BEGIN

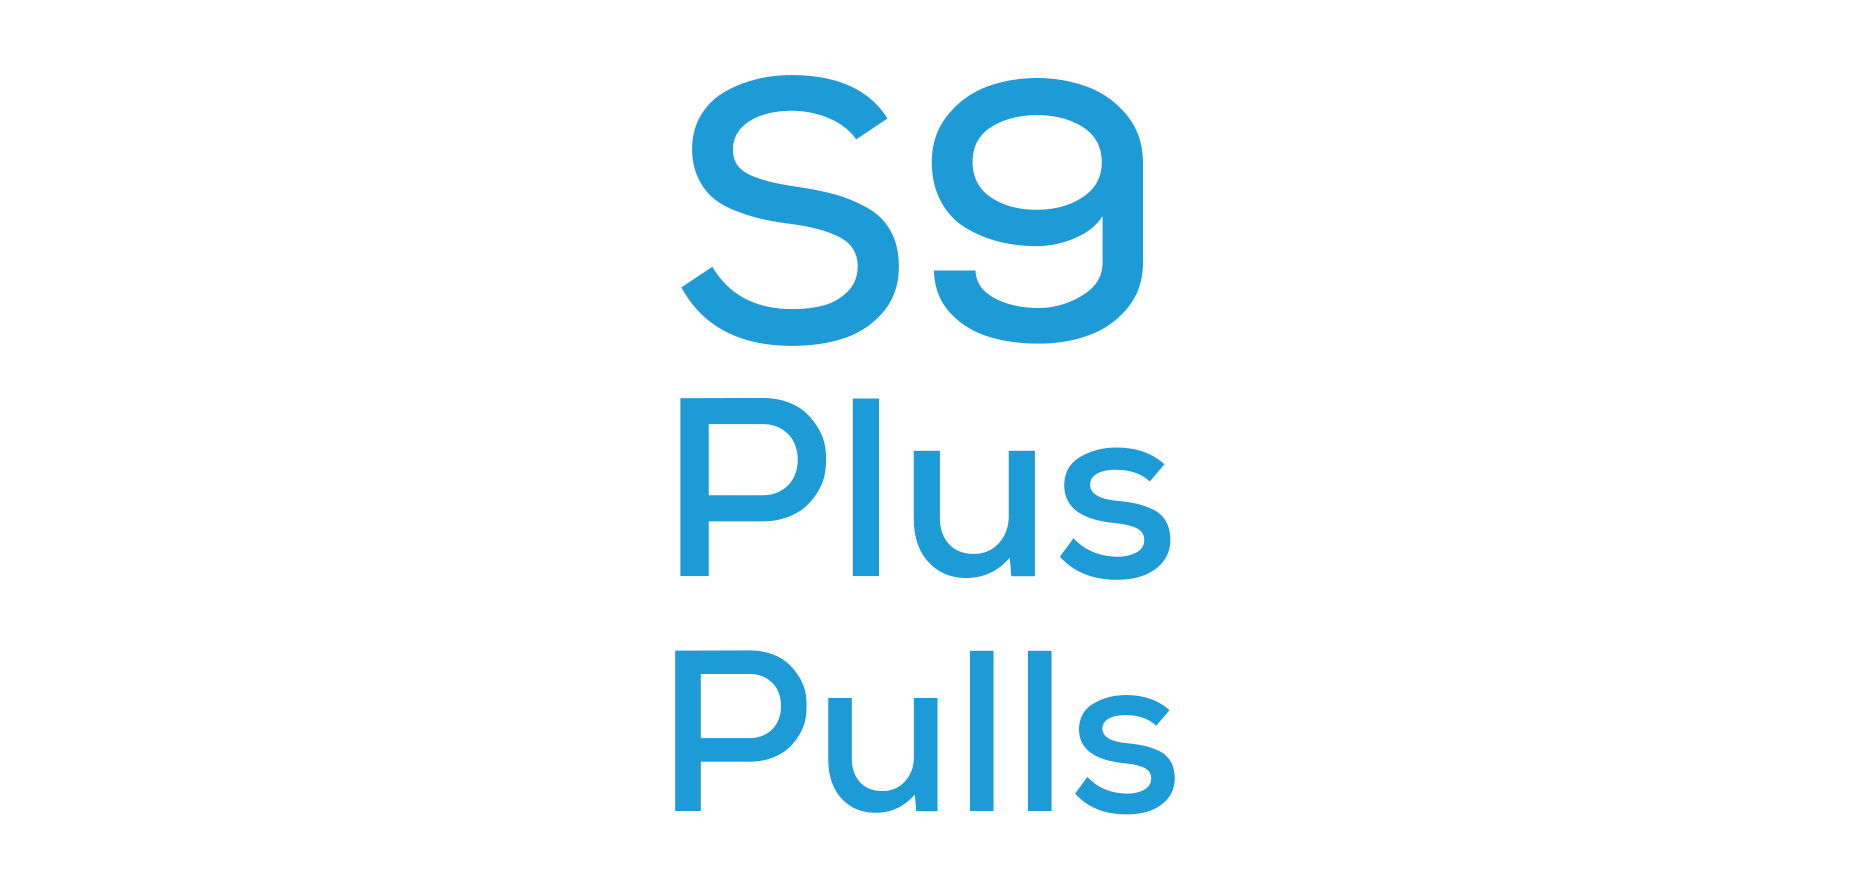 Galaxy S9 Plus Pulls
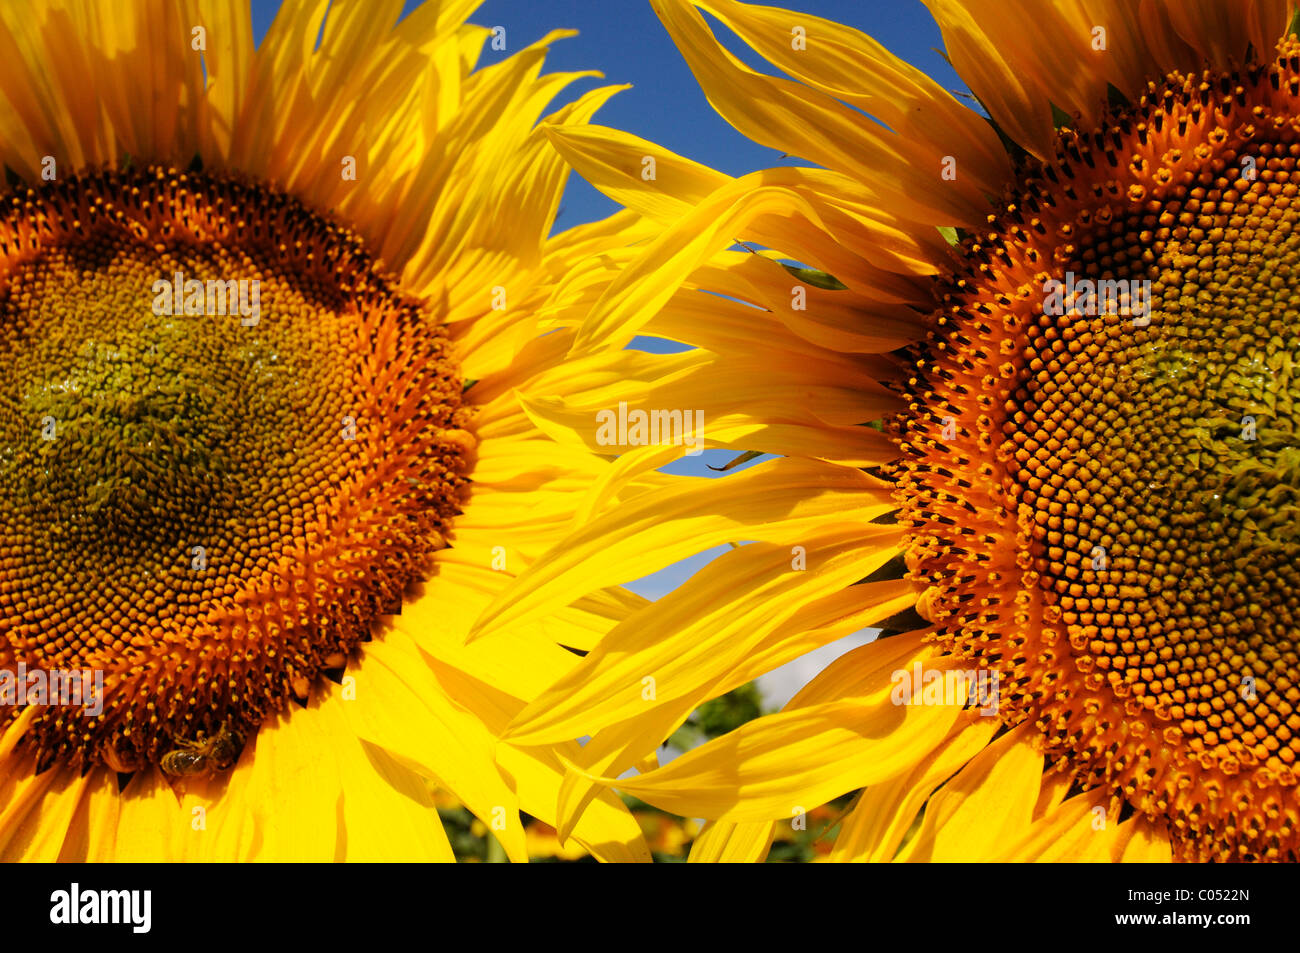 Sunflowers against a clear blue sky Stock Photo
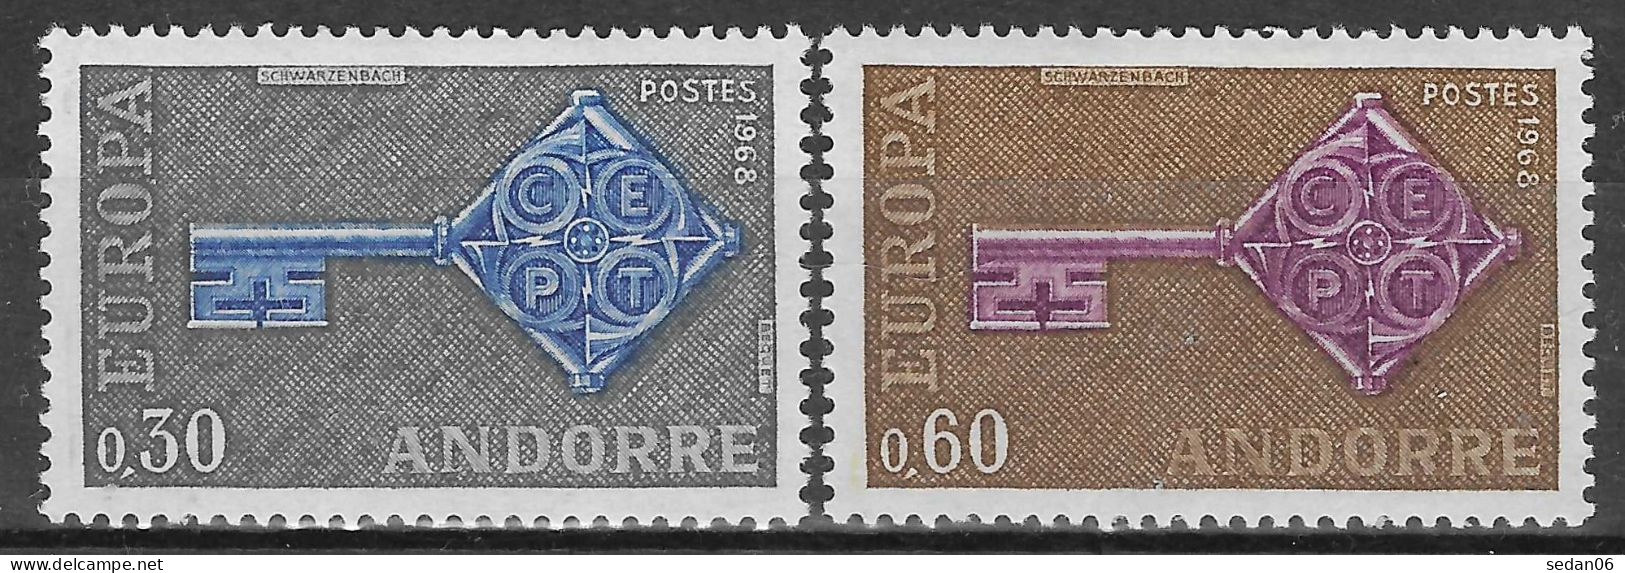 ANDORRE FRANCAIS N°188/189* (europa 1968) - COTE 35.00 € - 1968
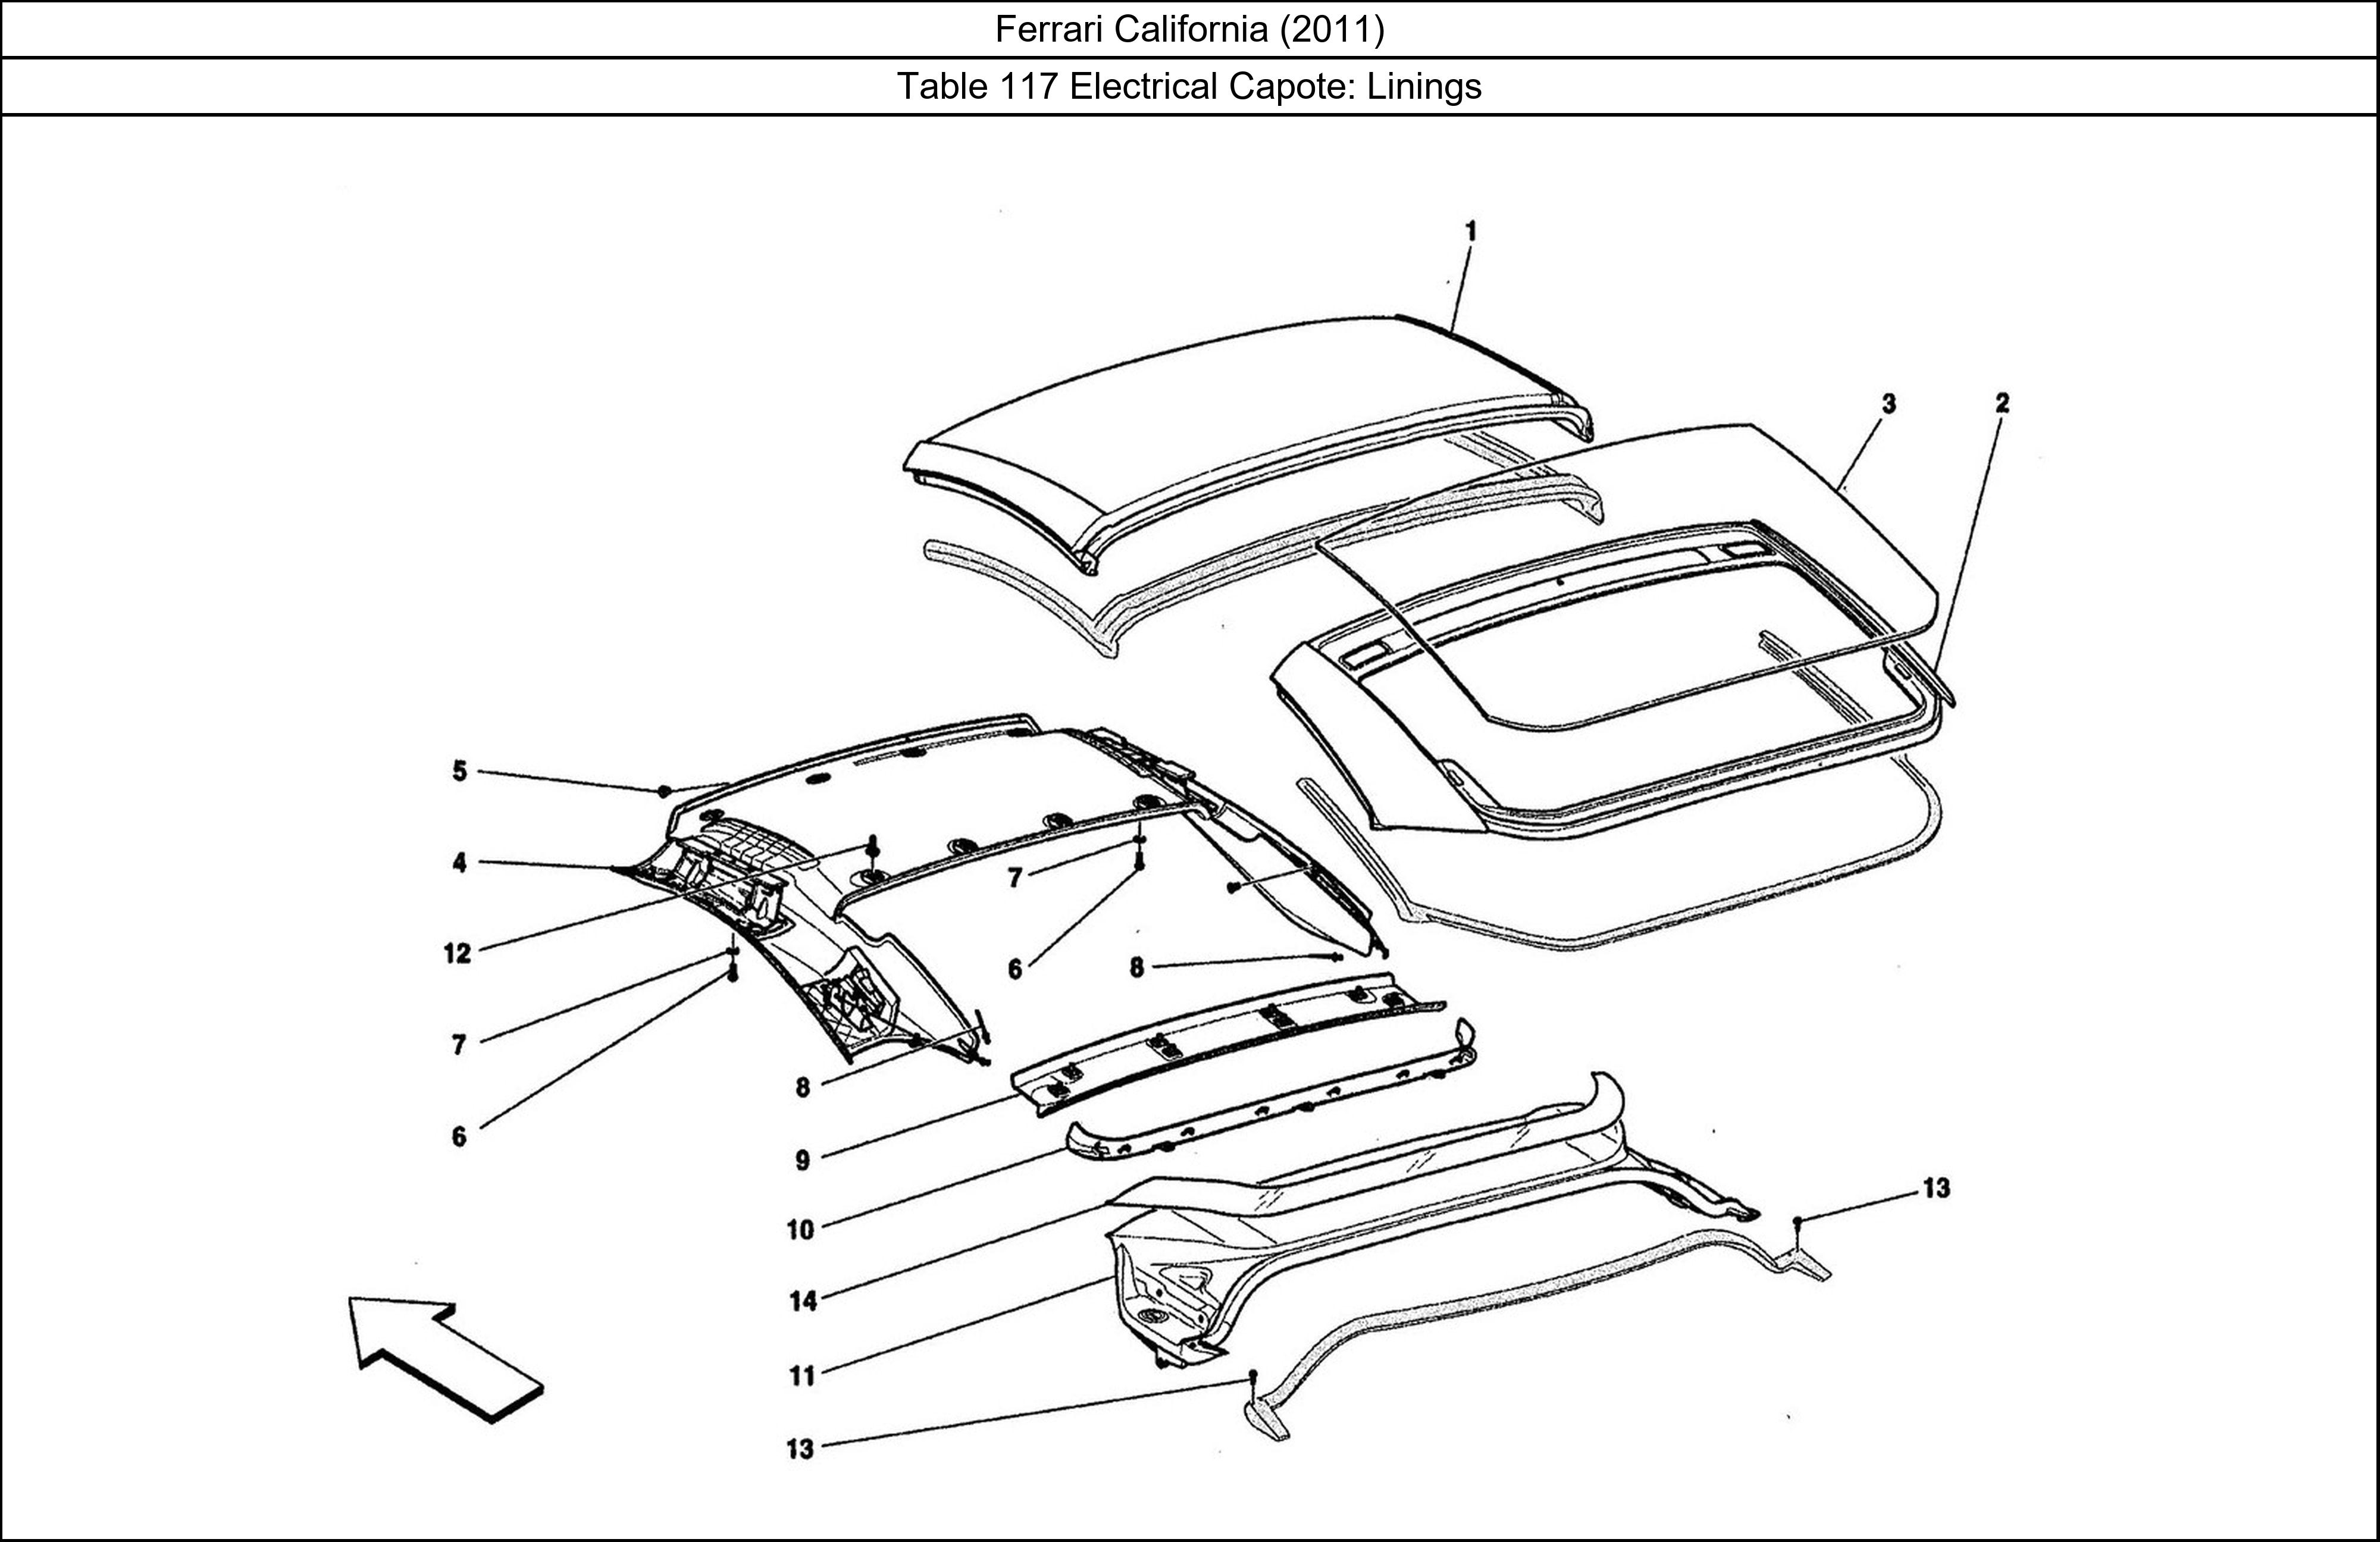 Ferrari Parts Ferrari California (2011) Table 117 Electrical Capote: Linings

END

TO DO:
Starting with the line that holds "ANDORRE FRANCAIS N°188/189*", print each line through the last one of the data exactly as written, but do not include the pictures.

EXERCISE RESPONSE:
 ANDORRE FRANCAIS N°188/189* (europa 1968) - COTE 35.00 € - 1968
 Ferrari Parts Ferrari California (2011) Table 117 Electrical Capote: Linings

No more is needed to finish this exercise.